My curiosity and appreciation of the output from Mhoba ought to be obvious to anybody that has visited this web site beforehand. I’ve a couple of multi bottling critiques (right here and right here)and one very massive reference piece charting the origins of Mhoba Rum and it’s founder, Robert Greaves right here. Robert is a person that I’ve an excessive amount of time and respect for. Not solely does he produce nice Rum, he’s additionally a particularly humble, open, sincere and likeable man. So think about my delight after I discovered that one other individual that I additionally think about to be completely first rate was bottling a Mhoba product. That individual is Eric Kaye and alongside along with his associate in crime (and spouse), Maura Gedid, they’re unbiased bottlers Holmes Cay. 

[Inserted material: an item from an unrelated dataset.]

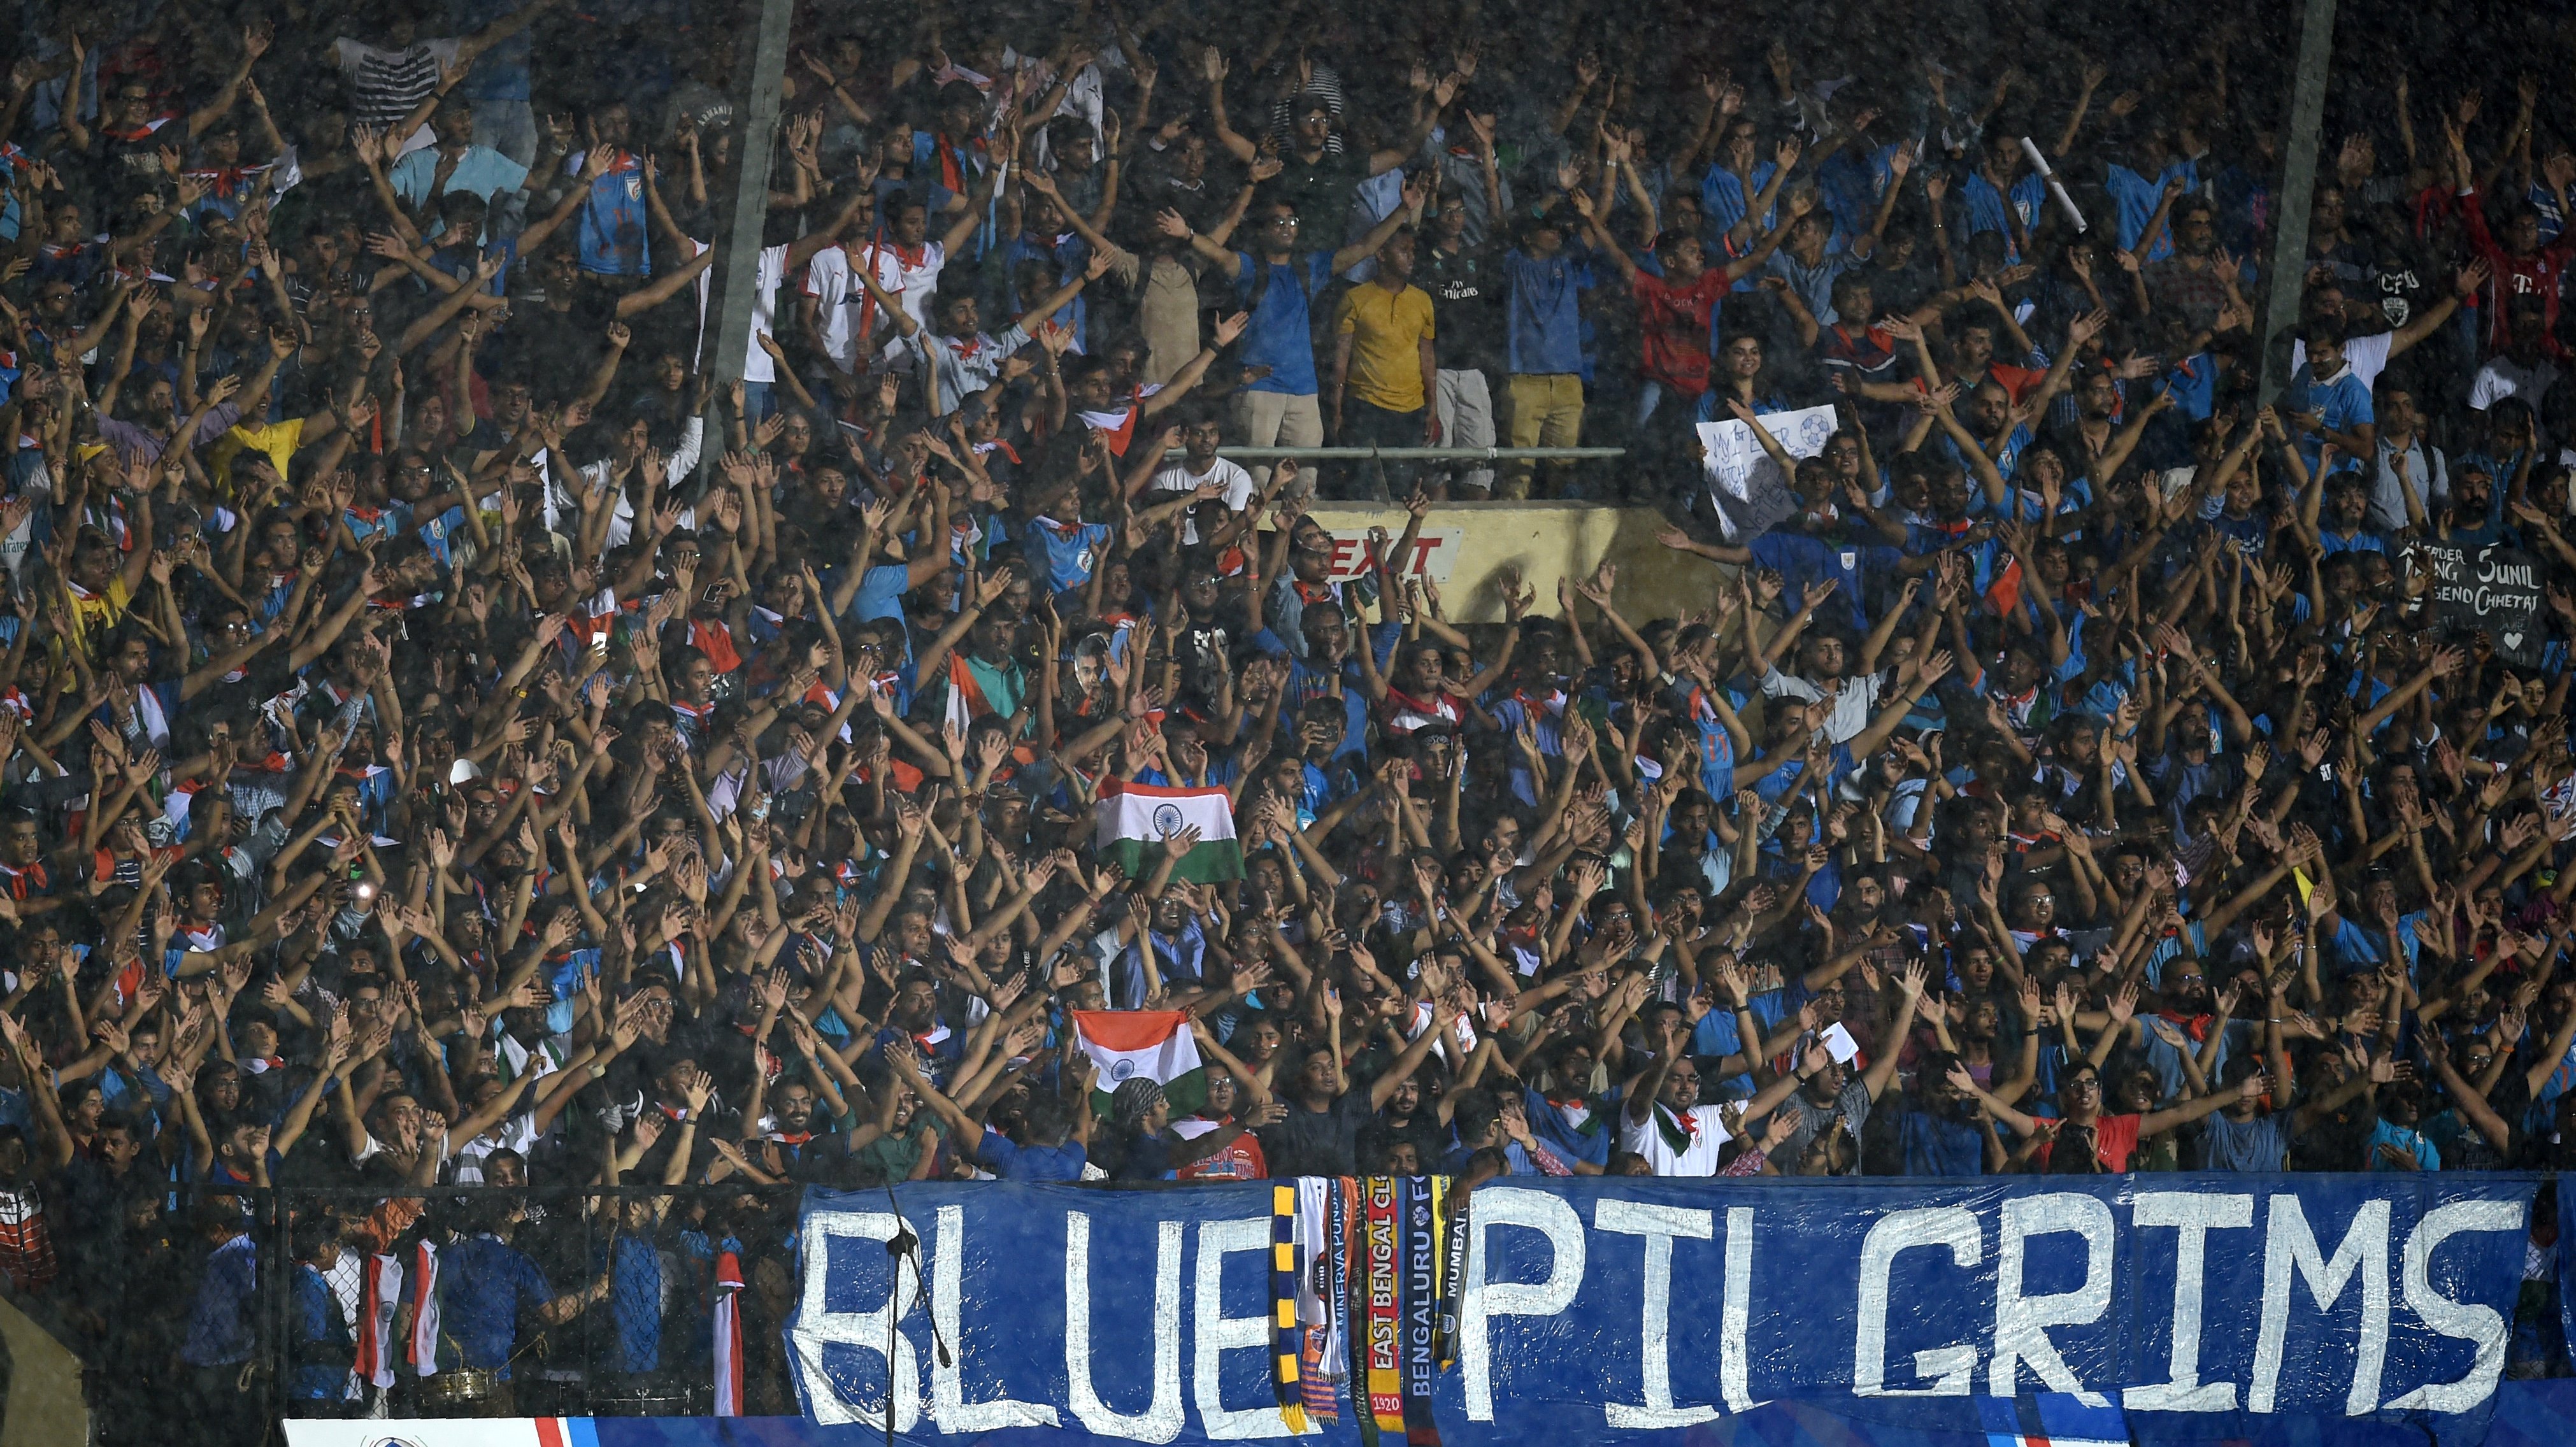 Indian fans attend the Hero Intercontinental Cup football match between India and Kenya in Mumbai on June 4, 2018. - India's football international against Kenya on June 4  was sold out in hours following captain Sunil Chhetri's emotional plea for fans to support the team after barely 2,500 people turned up to watch them play last week. (Photo by PUNIT PARANJPE / AFP)        (Photo credit should read PUNIT PARANJPE/AFP/Getty Images)

Holmes Cay have grown slowly however certainly since my first encounter with Eric and their merchandise again at Rumfest in 2019. Their mantra is “No Components. No Adulteration. Simply Rum”……and it’s one which I totally assist and may get on board with. Spanning Australia, Barbados, Belize, Fiji, Guyana, Jamaica, Mauritius, South Africa and Trinidad, they’ve not been too shy to encourage exploration past the Caribbean. Sadly, they’re additionally unavailable right here within the UK outdoors of Rum public sale web sites and that may be a actual disgrace. 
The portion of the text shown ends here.